GP ile ilk teşhis zaten mümkündür
Prostat kanserini teşhis etmek için yapılan temel test rektal muayenedir. Egzersiz, hastanın rektumuna parmak sokulan bir doktor tarafından gerçekleştirilir. Doktor, prostatın büyümediğini ve yüzeyinde rahatsız edici herhangi bir topak olup olmadığını dokunarak kontrol eder.
Test hızlıdır, ağrısızdır ve doktorunuz tarafından yapılabilir. Özellikle ailede prostat kanseri öyküsü varsa, 40 yaşın üzerindeki her erkek tarafından yıllık olarak yapılmalıdır.
Prostat hastalıklarının teşhisinde kullanılan bir diğer yöntem, kandaki PSA antijen seviyesinin ölçülmesidir. Hastanın prostatında rahatsız edici bir şey olup olmadığını etkili bir şekilde belirlemenizi sağlar.
Yüksek bir PSA değeri, daha ileri tanı için bir göstergedir. Biyopsi yapmaktan ibarettir, sonucu yüksek olasılıkla kanserle uğraşıp uğraşmadığımızı ve ne tür olduğunu belirlemeye izin verir.
Pozitif bir test sonucu orta veya yüksek riskli bir kanseri doğrularsa, prostat çıkarma işlemi gerçekleştirilir. Prostatektomi, prostat eksizyonunun profesyonel adı olduğu için bazen radyasyon tedavisi ile desteklenebilir.
Bazen radyasyon tedavisi cerrahiye alternatif olarak kullanılır - bu, cerrahi olarak tedavi edilemeyen veya ameliyat olmayı reddeden erkekler için geçerlidir. Doğru uygulanan bir prosedür, iyileşme şansı verir ve popüler kanının aksine, cinsel performans kaybı ve idrar kaçırma ile ilişkilendirilmesi gerekmez.
Hastalığın evresi prostatektomi yeterli olmayacak kadar ilerlemişse hastalara hormon tedavisi uygulanmaktadır. Araştırmalar, androjenik hormonların, özellikle testosteronun prostat kanserinin gelişimini etkilediğini göstermiştir.
Hormon tedavisi sırasında hastaya üretimini azaltan ve böylece kanserin büyümesini engelleyen ilaçlar verilir.

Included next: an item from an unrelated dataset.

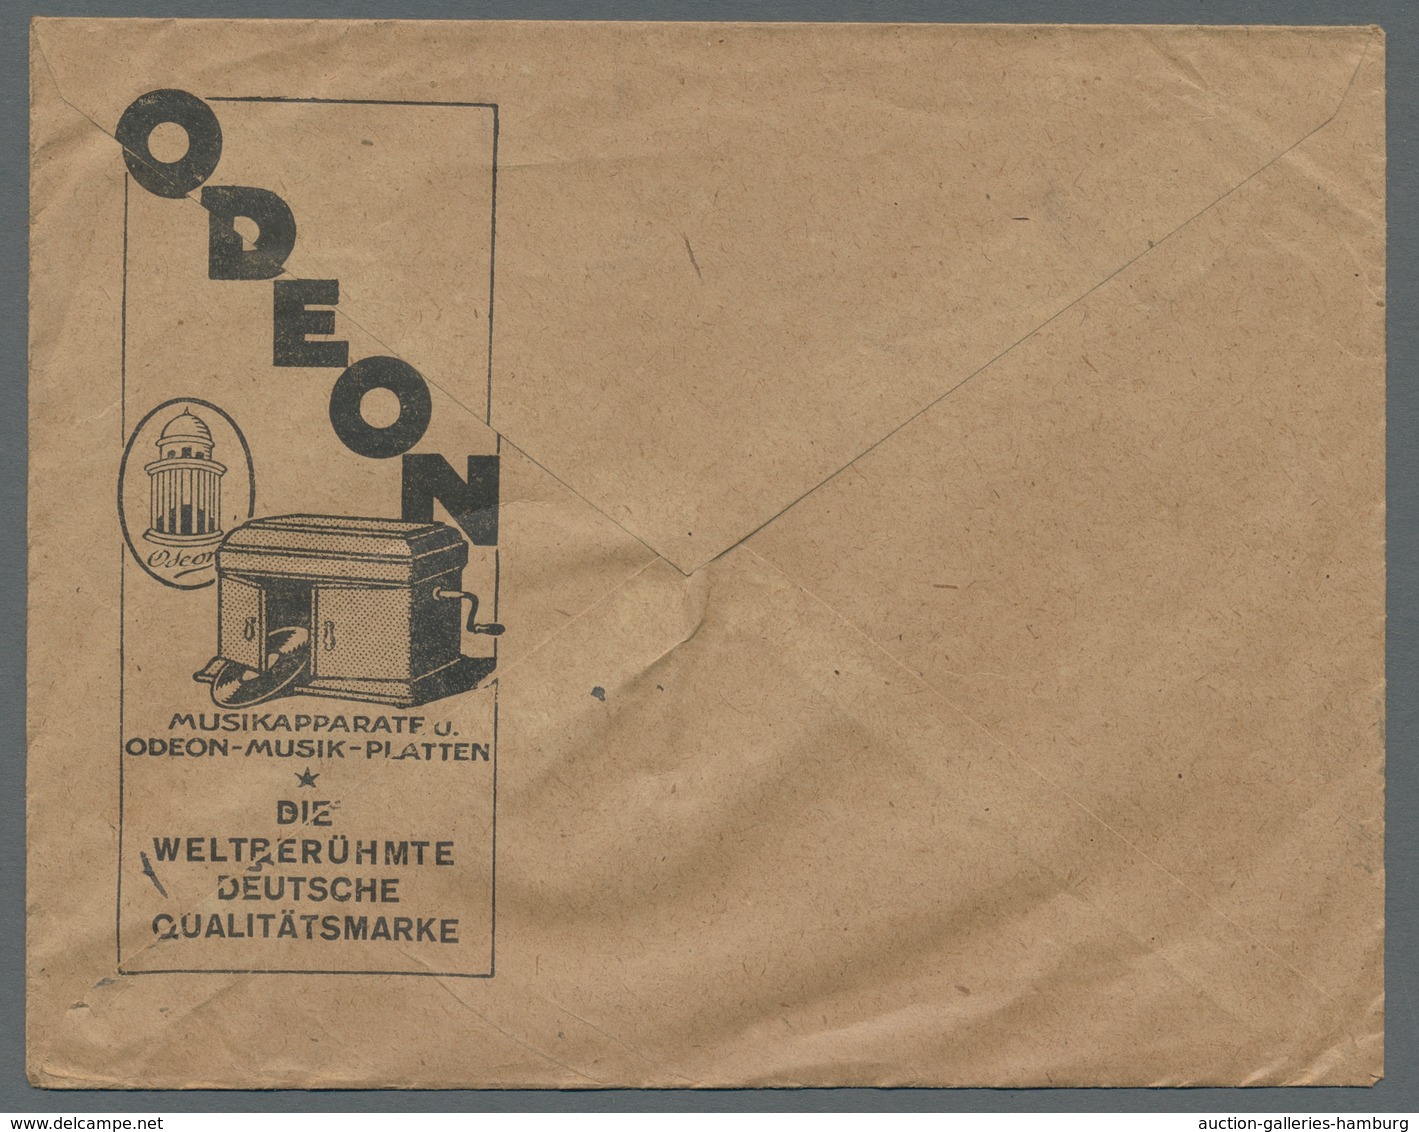 Deutsches Reich: 1889-1944, Partie von etwa 420 Belegen in 7 Alben mit u.a. Ansichtskarten mit teils

İleri prostat kanseri olan hastalar için yeni tedavi seçenekleri
Hormon tedavisinin beklenen sonuçları vermediği hastalarda kemoterapi gereklidir. Hormon tedavisi tanımı gereği palyatiftir ve tedaviye yol açmaz, bu nedenle kemoterapi kullanımı çok önemlidir.
Yakında, metastatik prostat kanserinden muzdarip Polonyalı hastalara sunulan tedavi seçenekleri, yeni bir maddeyle genişleyebilir: kabazitaksel. Bir steroid anti-enflamatuar ilaç olan prednizon ile birlikte kullanıldığında, mevcut tedavinin sonuç getirmediği hastaların ömrünü önemli ölçüde uzatmaya izin verir. Dahası, klinik uygulamayı analiz eden çalışmalara göre, kabazitaksel kullanımı yaşam kalitesini iyileştirir ve hastalar arasında ağrı hissini azaltır.

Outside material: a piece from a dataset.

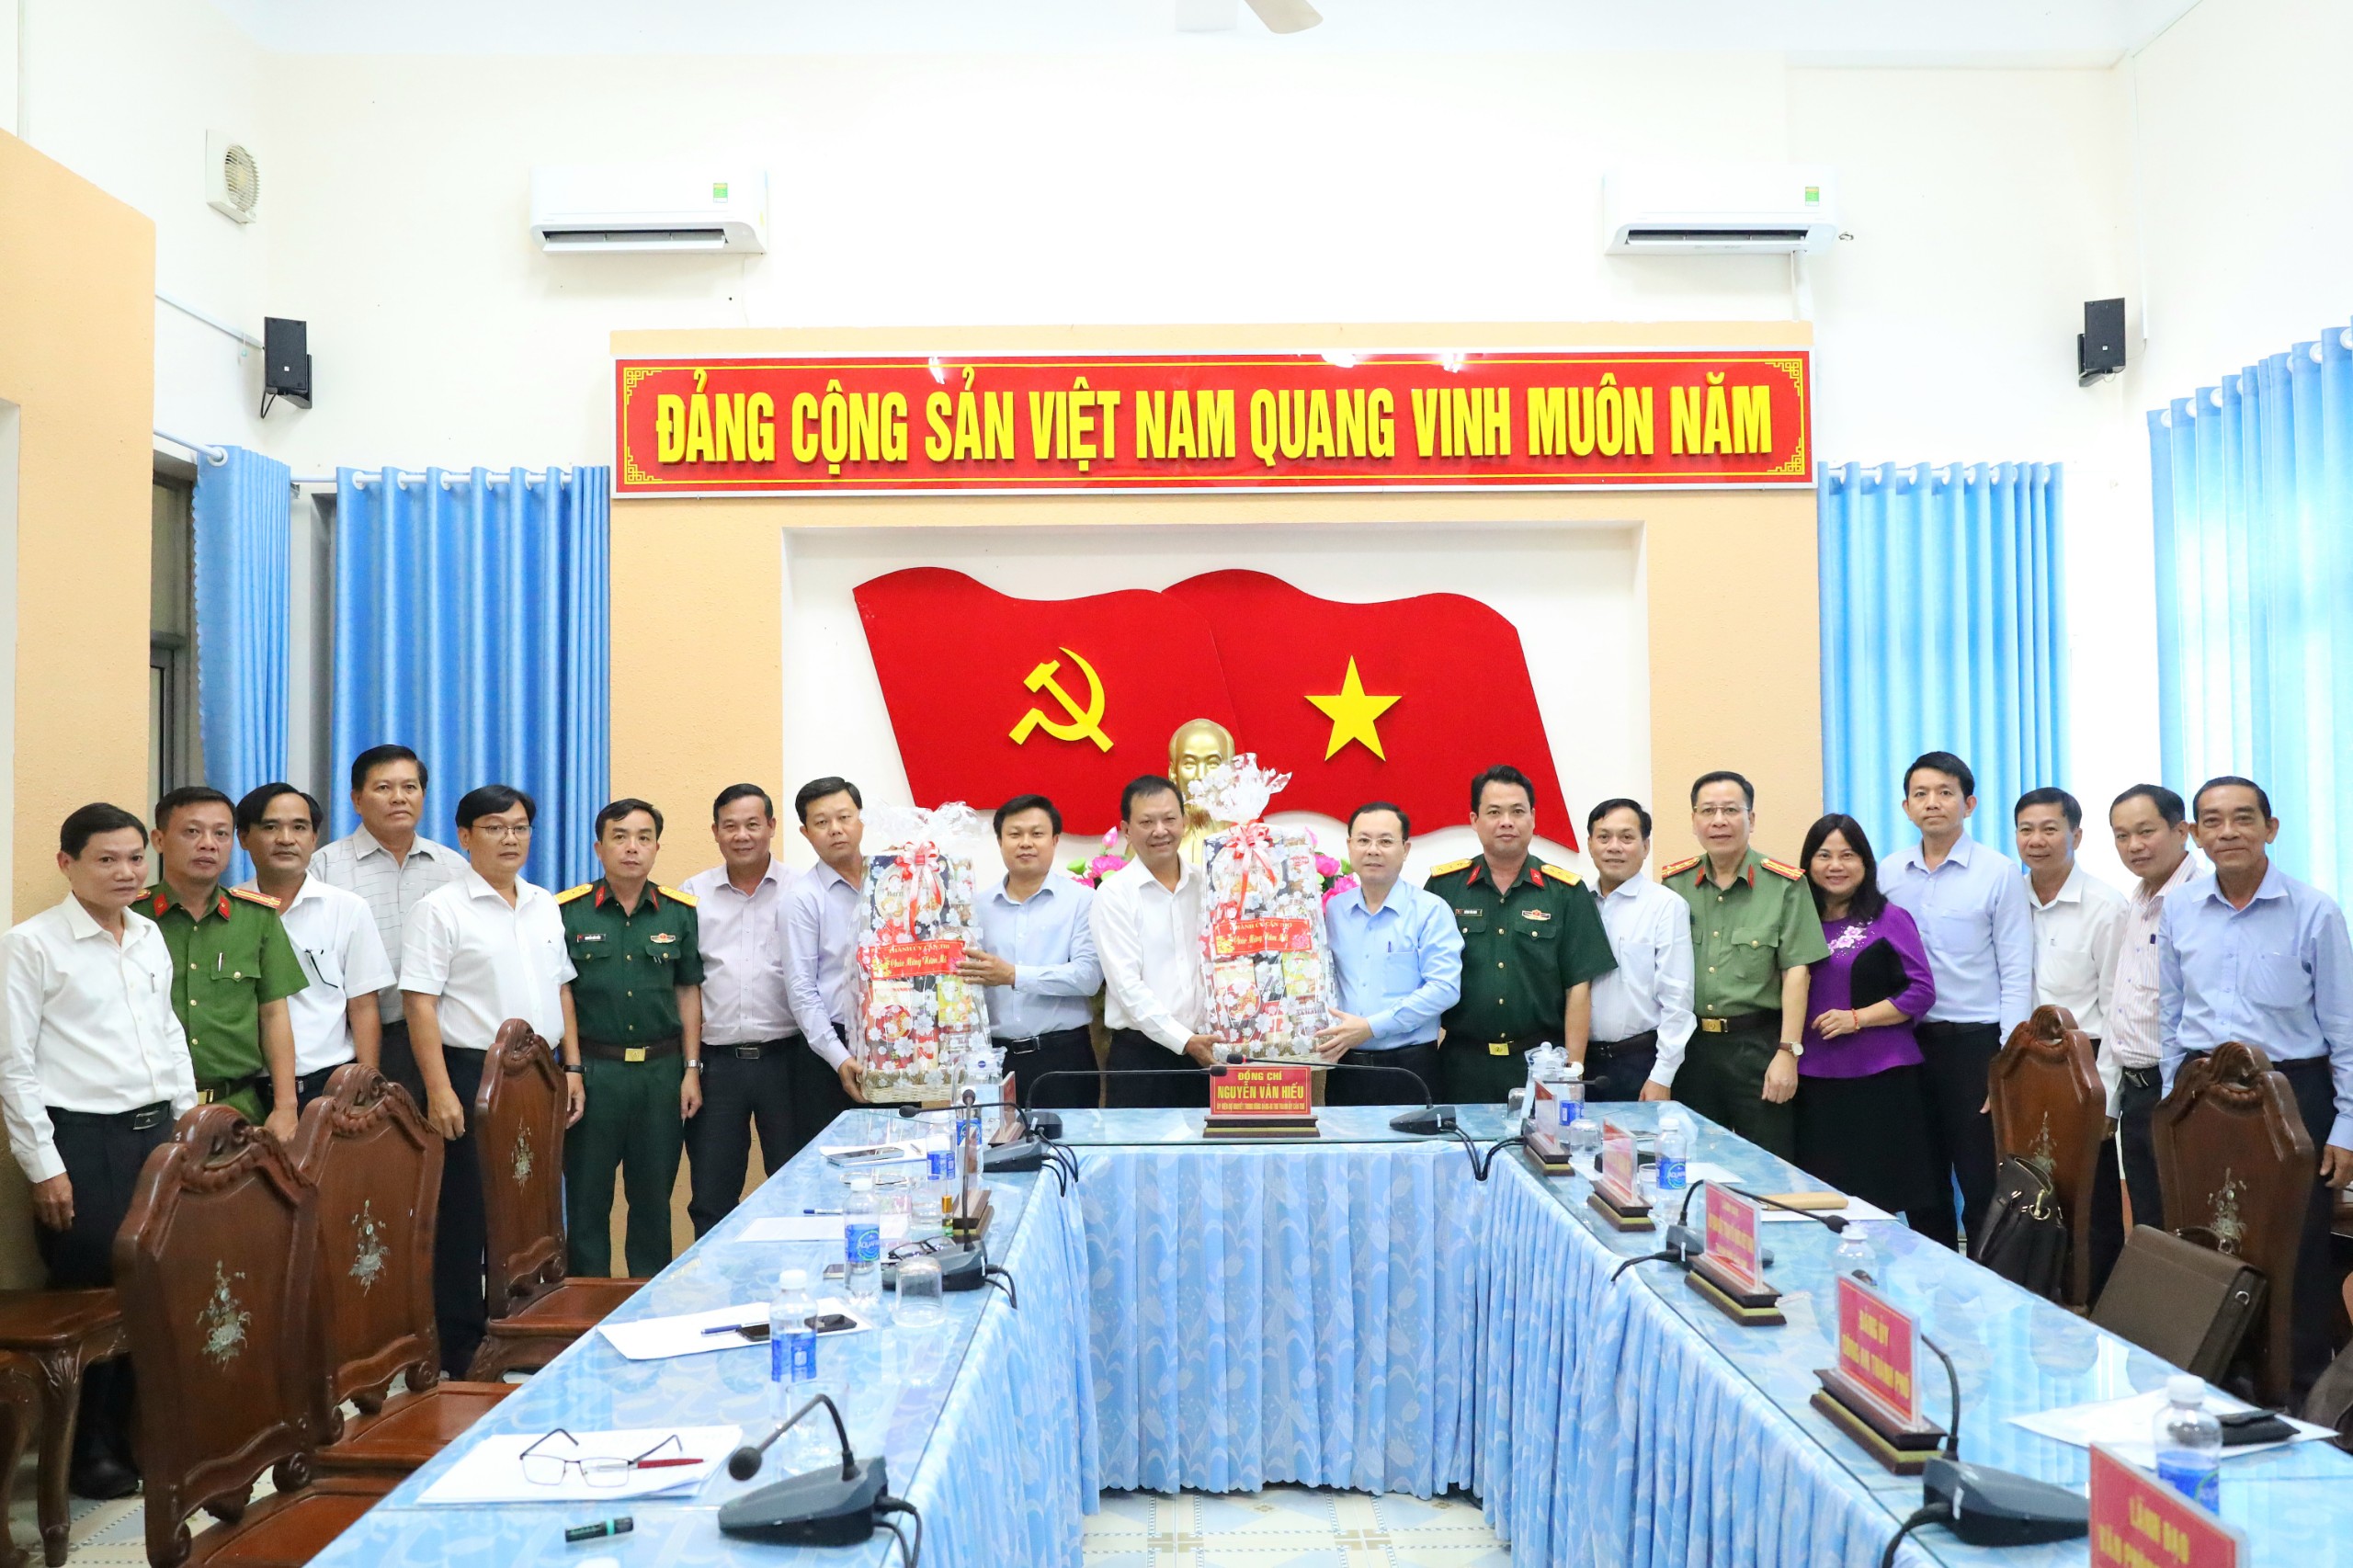 Ông Nguyễn Văn Hiếu - Ủy viên dự khuyết BCH Trung ương Đảng, Bí thư Thành ủy Cần Thơ trao tặng quà Tết cho huyện Vĩnh Thạnh.

Ancak hastalığı önlemenin en etkili yöntemi erken teşhistir. Rutin testler ve en küçük endikasyonlara bile tepki vermek hayat kurtarabilir.

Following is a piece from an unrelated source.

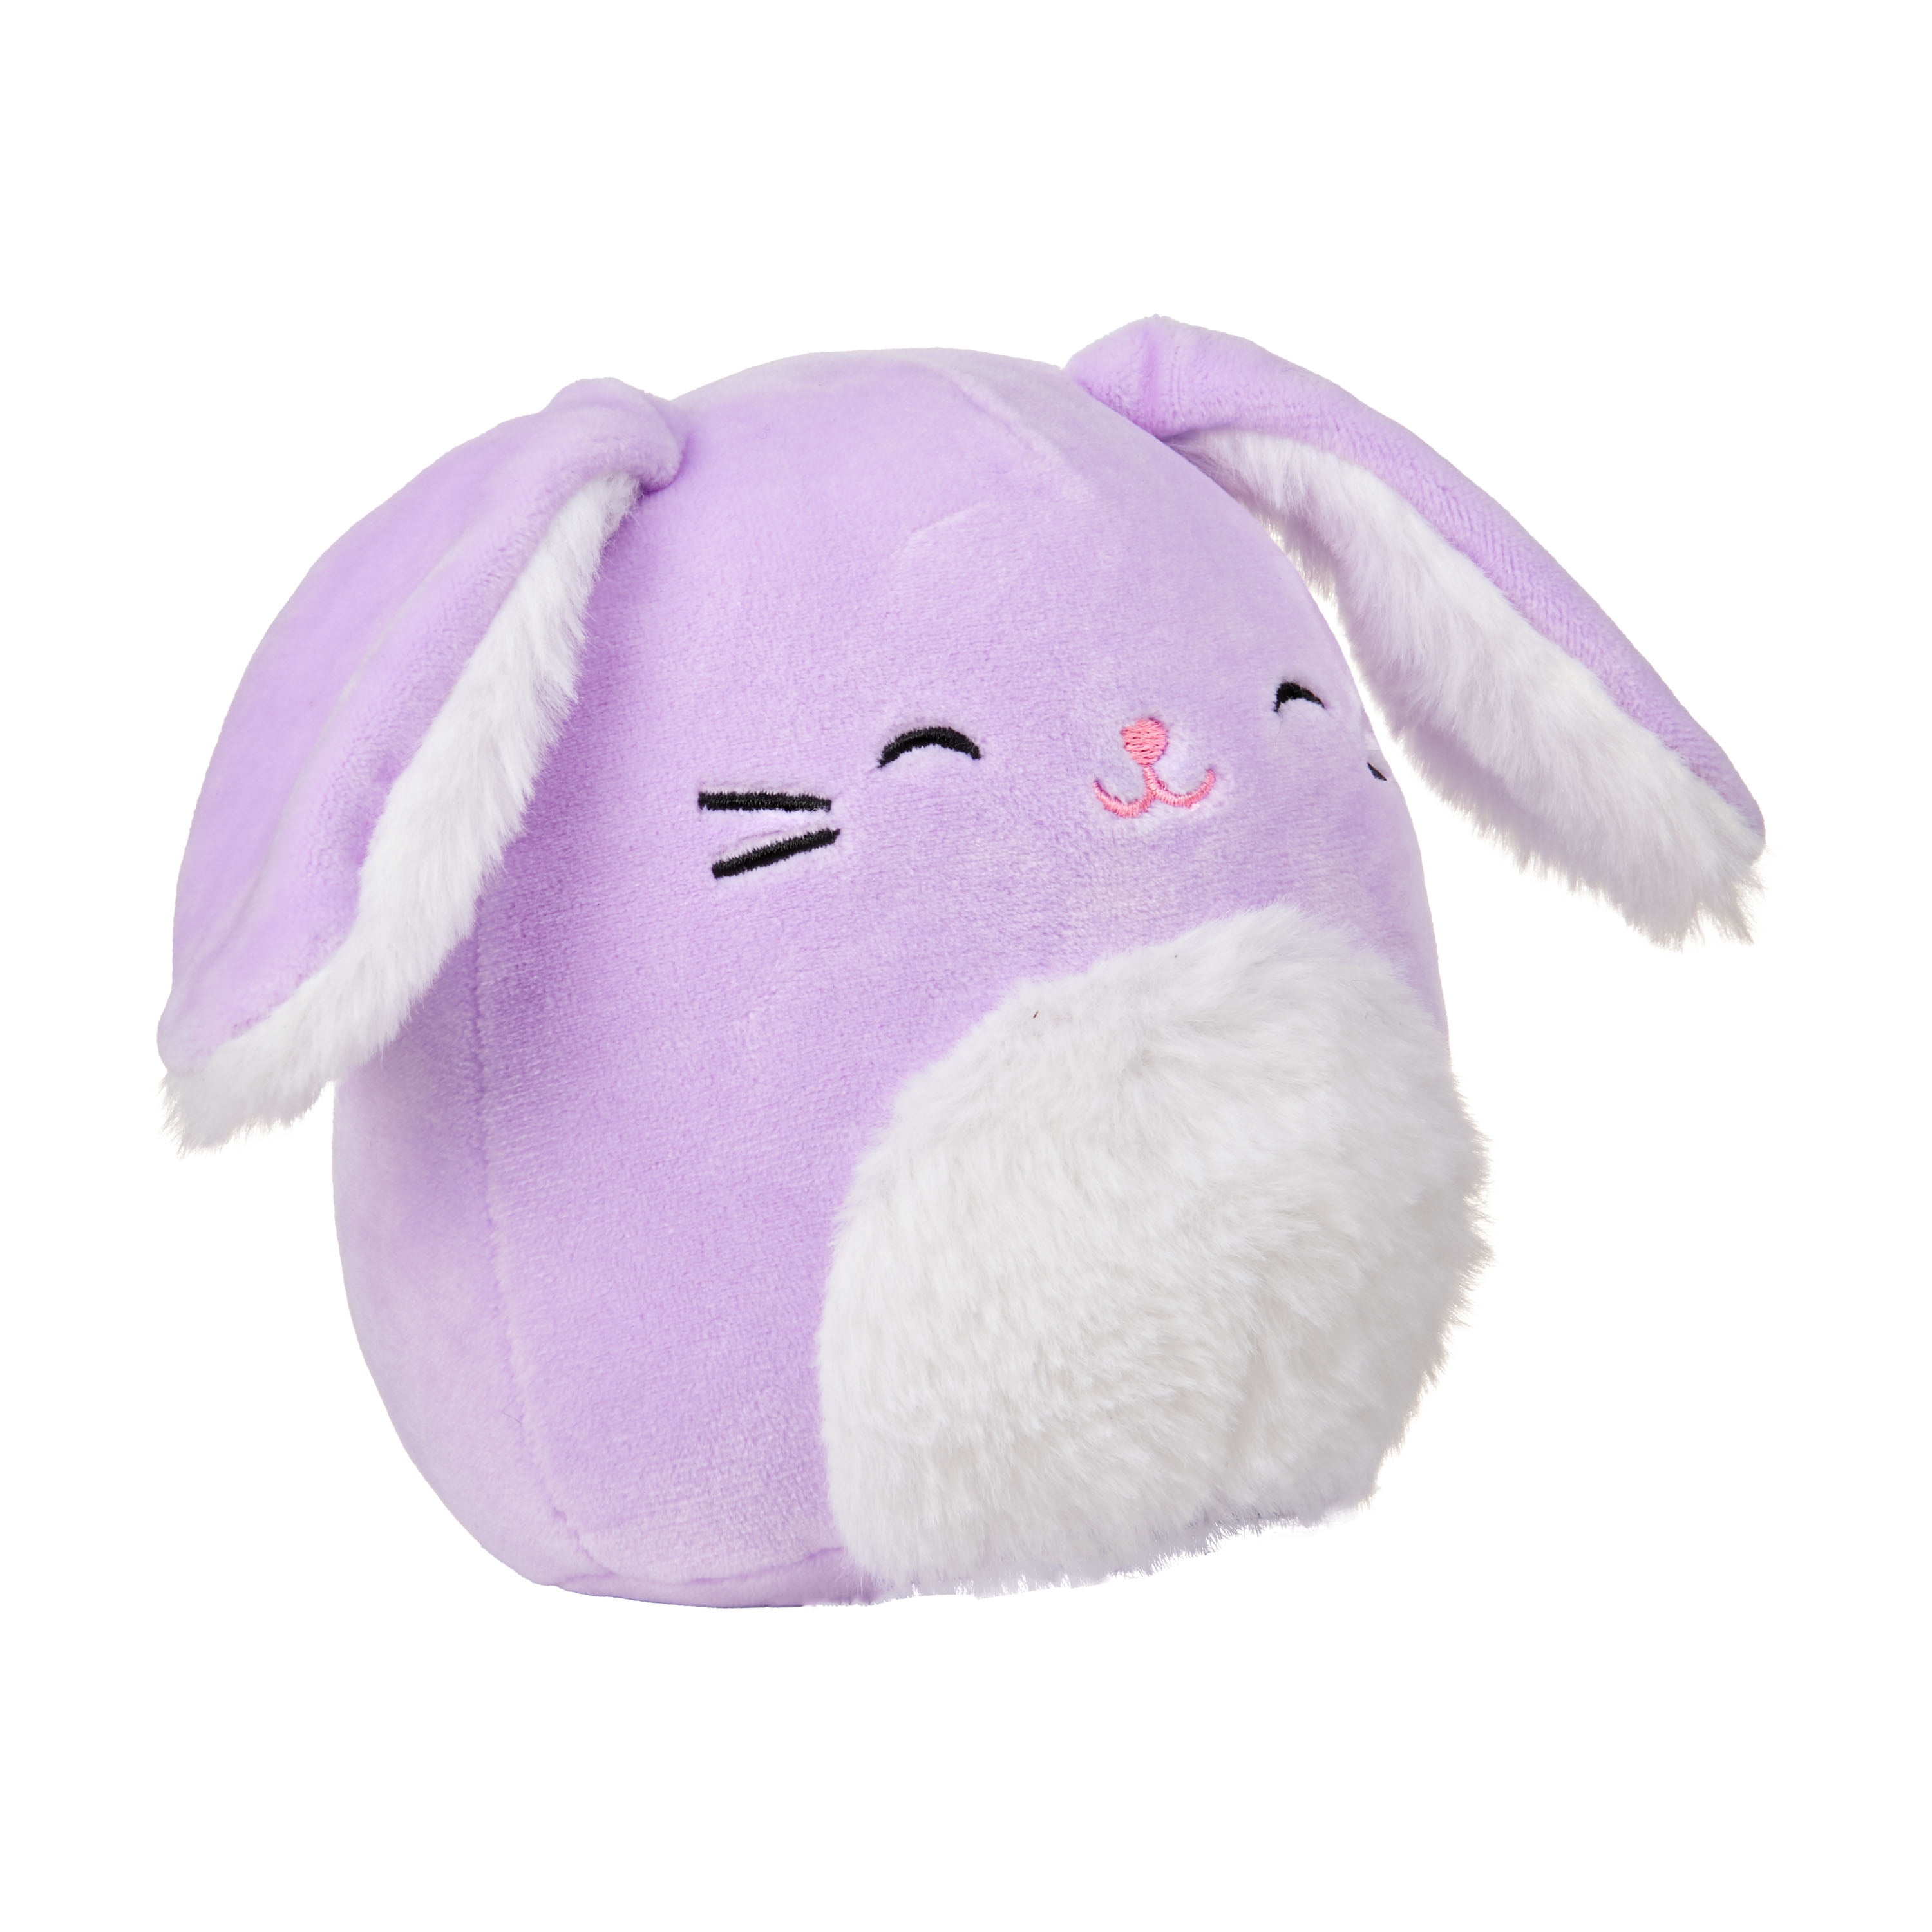 Squishmallow Bubbles the Purple 8 inch  Plush Bunny New Tags

- Erkekler arabalarına bakmayı sever. Garajdan çıktıklarında kaza olasılığını düşünmezler. Ancak aracın verimli ve güvenli bir şekilde sürmesi için rutin kontrollere ihtiyaç vardır. Gladyatör derneğinden Marcin Włodarczyk, bu nedenle hasta olsun ya da olmasın tüm erkekler arabalarını beğenmeli, sağlıklarına dikkat etmeli ve düzenli kontrollerden geçmelidir.